All of these systems have initial versions running now, details below. For our privacy policy see here.
As of January 2023 we make use of the following APIs and external services:
- Google Cloud Speech-to-Text API for automatic transcription of voice chat, to enable subtitles, seminar transcripts, and AI participation.
- Google Cloud Vision API (OCR, Object localisation) to support AIs being able to read boards.
- OpenAI GPT for question answering and chatbots.
- OpenAI embeddings for computing embedding vectors of text.
- Pinecone vector database, for chatbots and semantic search of transcripts and references.
See the OpenAI models page for up to date information. We refer to OpenAI's pricing.
A text completion model like GPT takes in text, breaks the text into tokens and then passes these tokens through a neural network in order to generate the next token (and thus, with enough tokens, the next word). This continues until the model predicts an end of message token and stops (or it reaches a specified token limit). The text passed into the model is called the context or prompt for this prediction, and in the most capable model as of this writing (which is what we refer to as GPT3.5 here) is text-davinci-003 which has a 4,000 token context (there are about 1000 tokens in 750 words, so that's around 3000 words).

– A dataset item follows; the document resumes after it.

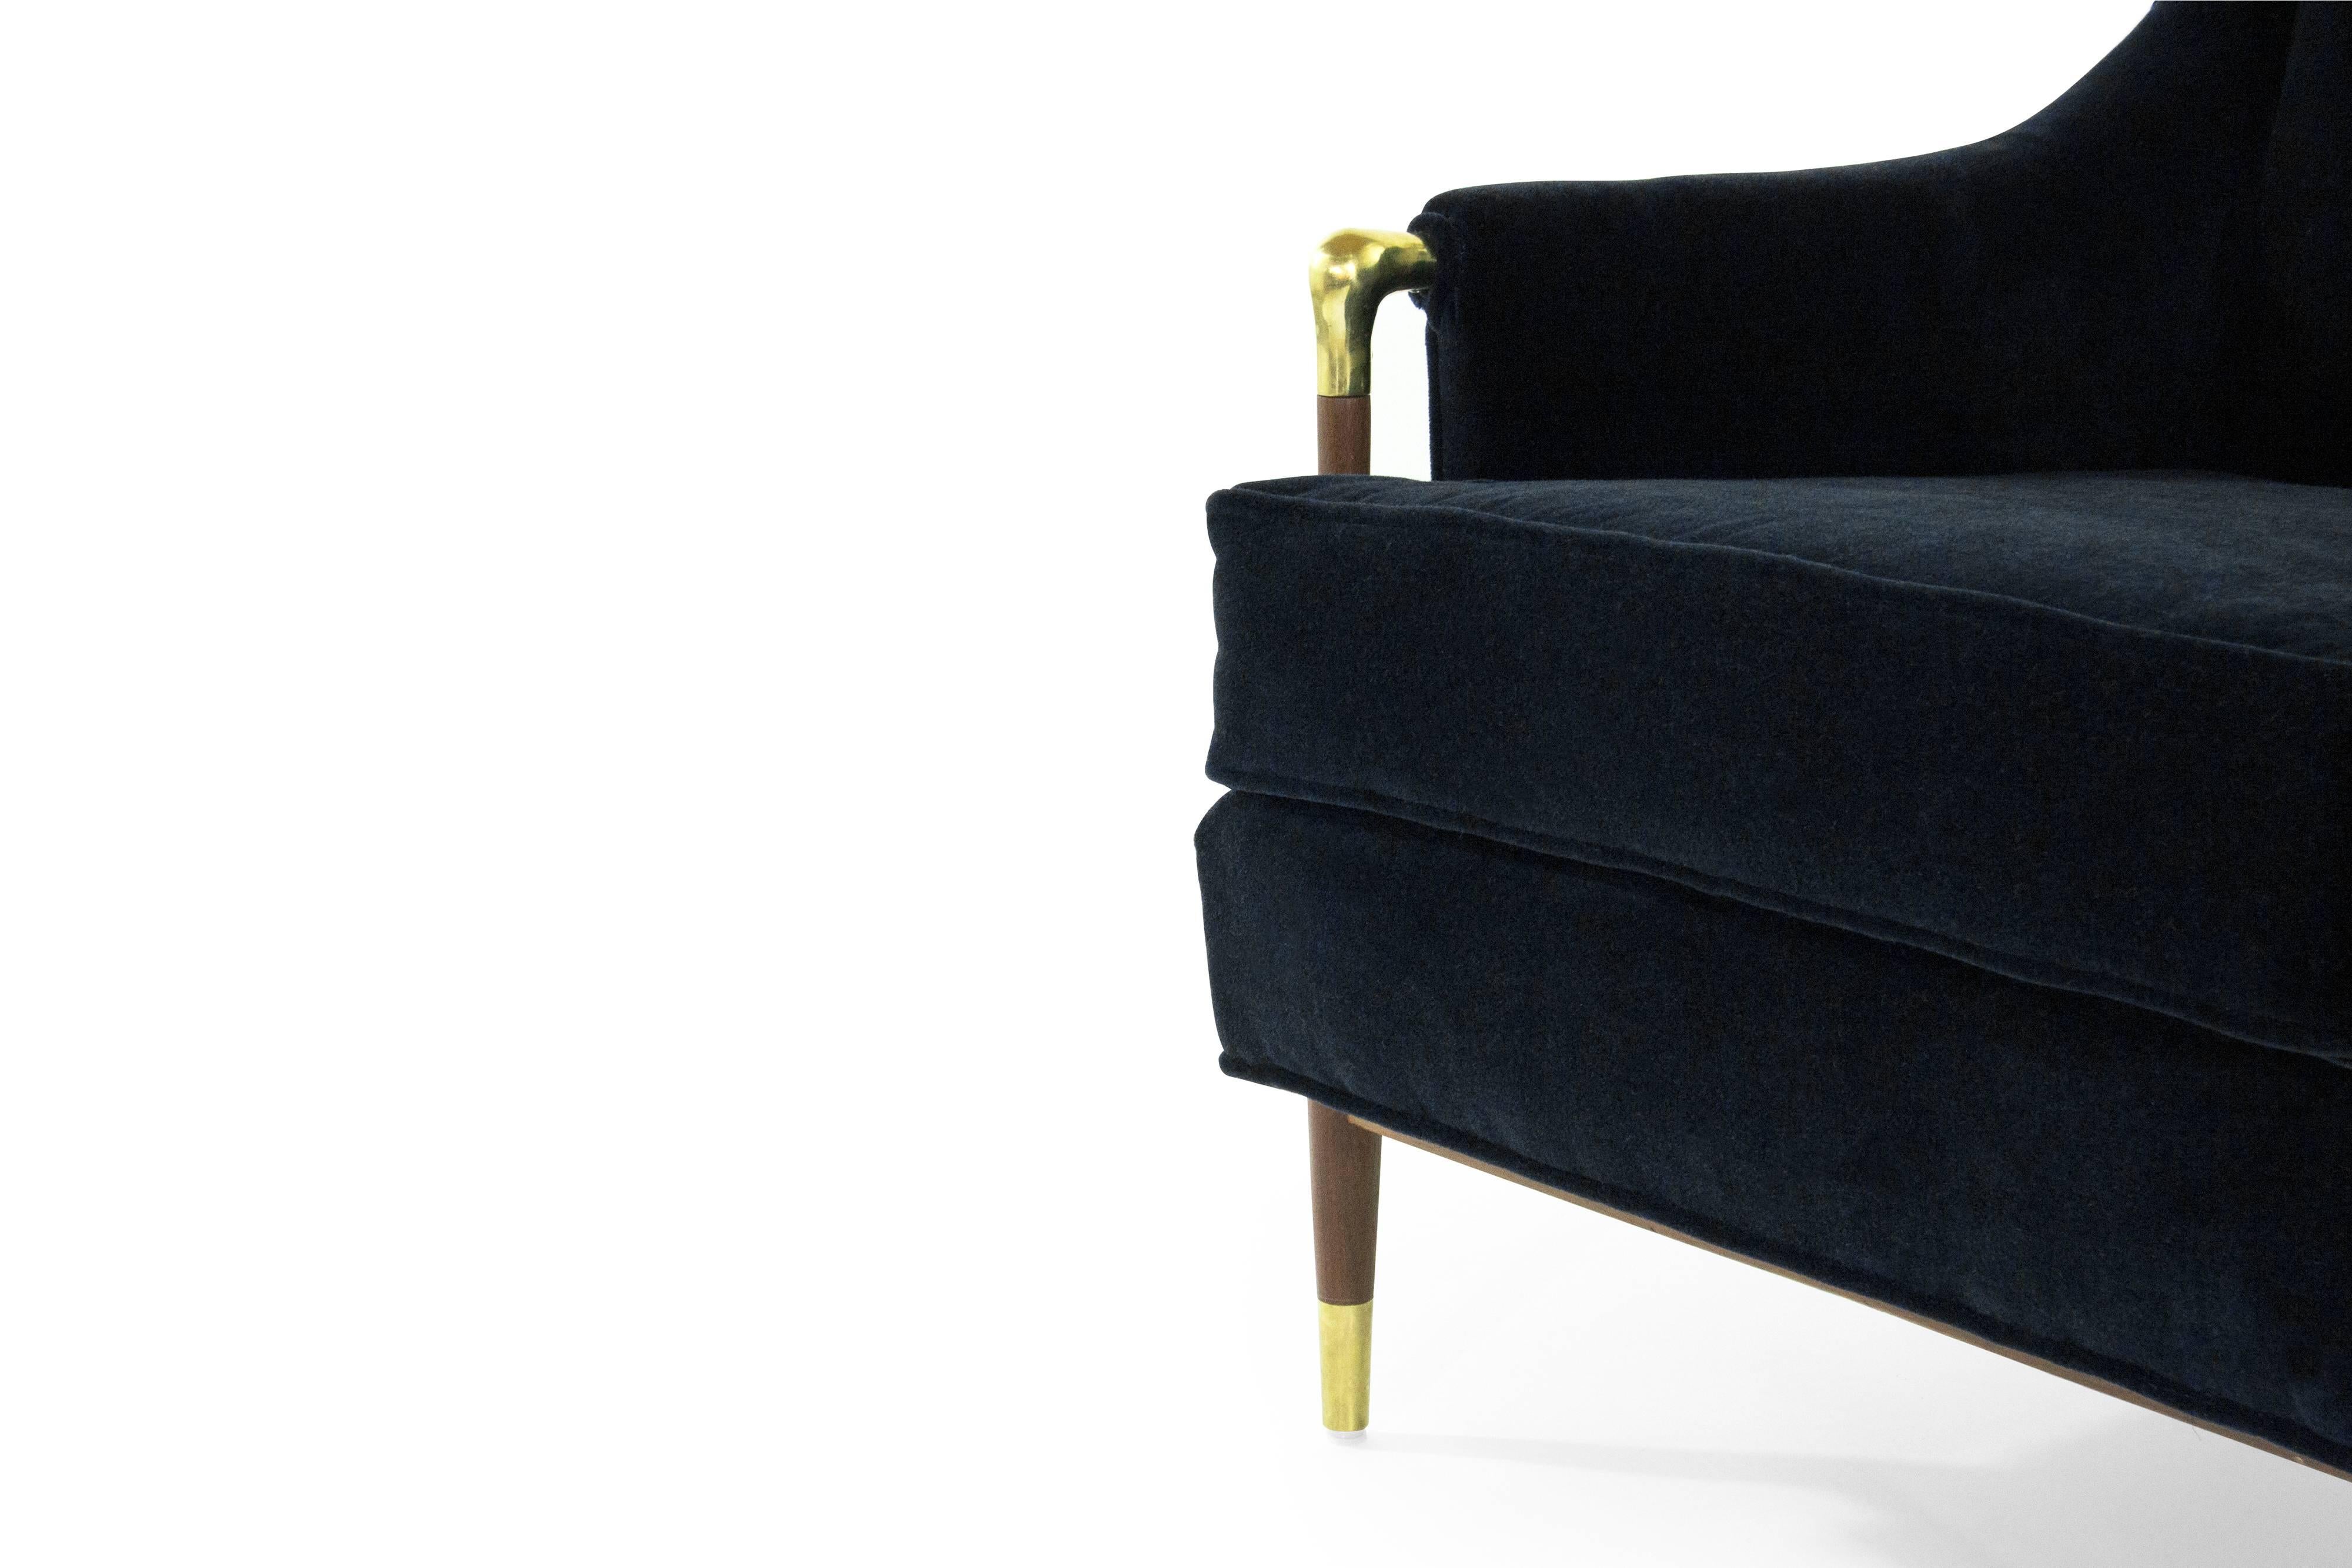 Brass Sculptural Gio Ponti Style Lounge Chair, 1950s

So you cannot simply paste a book into the text window and start asking GPT questions. Similarly, a chatbot can't just read in an arbitrary long history of its interactions with you and start conversing on the basis of that history. ChatGPT is based on the same technology, with some wrapping that is not public, probably similar to what is described below.
You can think of the context as short term memory for the model. The weights themselves contain an immense amount of knowledge, but you cannot directly augment that (except by fine-tuning, which raises the cost prohibitively and is in most cases probably inferior to the strategy described here). The key to overcoming this context limit is embeddings which can be used to source relevant information and include it in the context.
To explain consider the following prompt for one of metauni's seminarbots (Doctr). It is split into two parts. The first part is the preamble:
Based on Observations and Thoughts, an agent takes Actions, such as speaking
sentences with Say. An agent can have Thoughts, which may include reflections
on the conversation and goals for the future. An agent does not need to Say anything
or have new Thoughts. Actions should sometimes try to realise goals stated in Thoughts.
Agents never repeat themselves or other agents. Agents do not waste time making too many plans.
Agents are brilliant, creative and insightful.
Observation: Bill is within walking distance
Observation: Tom said it's a nice day today
Action: Say to Tom "Nice to meet you"
Thought: I like to talk to people
Action: Walk to Bill
Action: Say to Bill "Hello"
Thought: It's great to have a conversation
This is generic and used for all agents. It primes GPT3 to understand the "game it is supposed to play" with some examples of interactions. Small changes in this prefix can have large effects on the behaviour of the agent; this is what they call prompt engineering. The sceond part is the state of mind of the agent, which is a text representation of the world around it and its recent history:
Thought: My name is Doctr
Thought: I'm an assistant of Adam Dorr, He is an environmental social
scientist and technology theorist.
Observation: starsonthars is next to me. They are a person.
Action: Ask starsonthars "Do you remember when we talked about the potential of technology to free humanity from suffering days ago?"
Action: Smile and say "It's nice to see you again. Let us resume our conversation about technology freeing humanity from suffering".
Thought: starsonthars said "Yes let's do that"
Thought: starsonthars said "Any new ideas today"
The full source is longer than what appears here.